▶ [Source data]
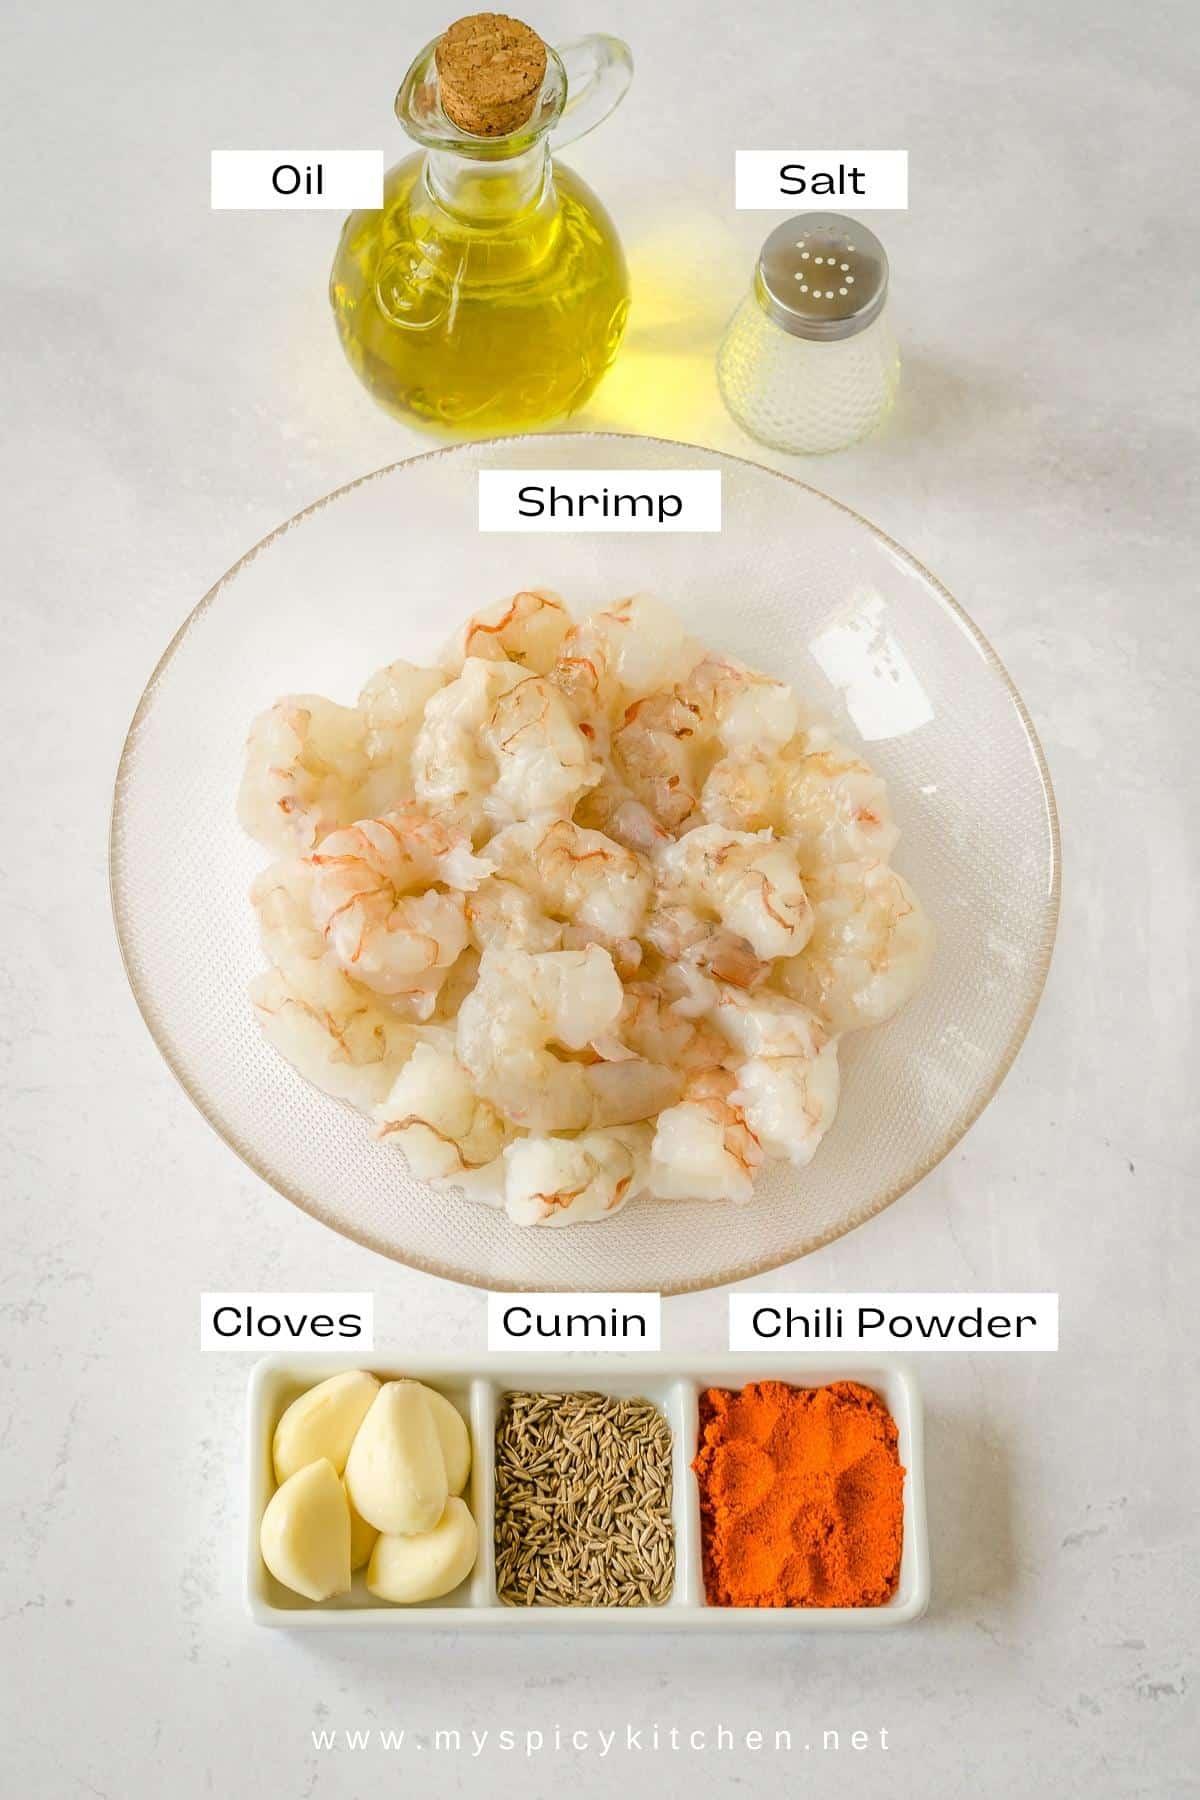 Ingredients for shrimp chili garlic stir fry.
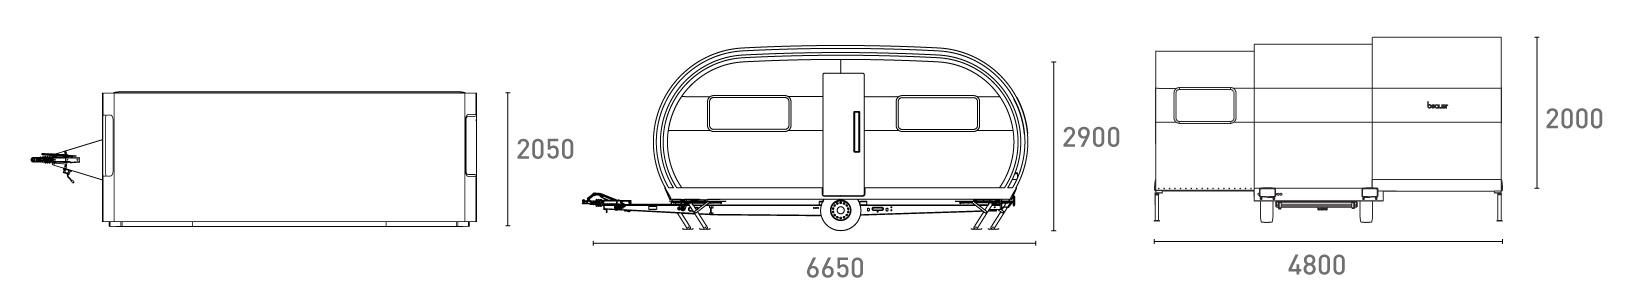 3XPlus layout drawing.jpg
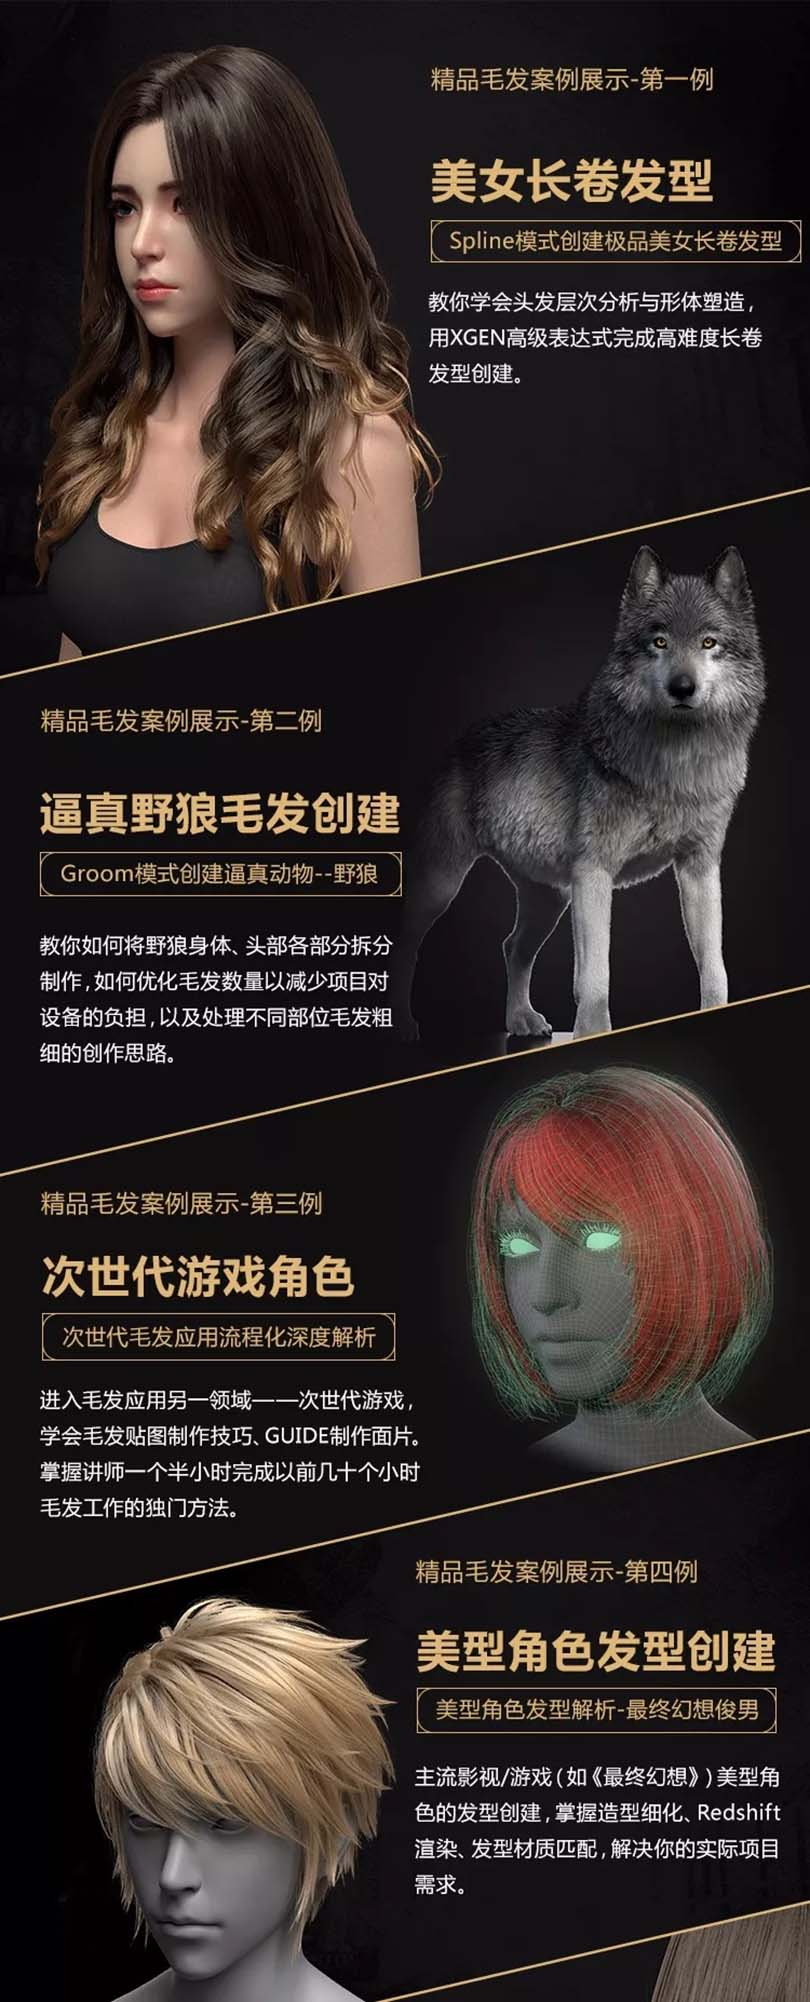 XGEN毛发制作教程介绍

▶ [What is required] Would you provide an exact, picture-free copy of the data above?

▶ [Task result]
 Ingredients for shrimp chili garlic stir fry.
 3XPlus layout drawing.jpg
 XGEN毛发制作教程介绍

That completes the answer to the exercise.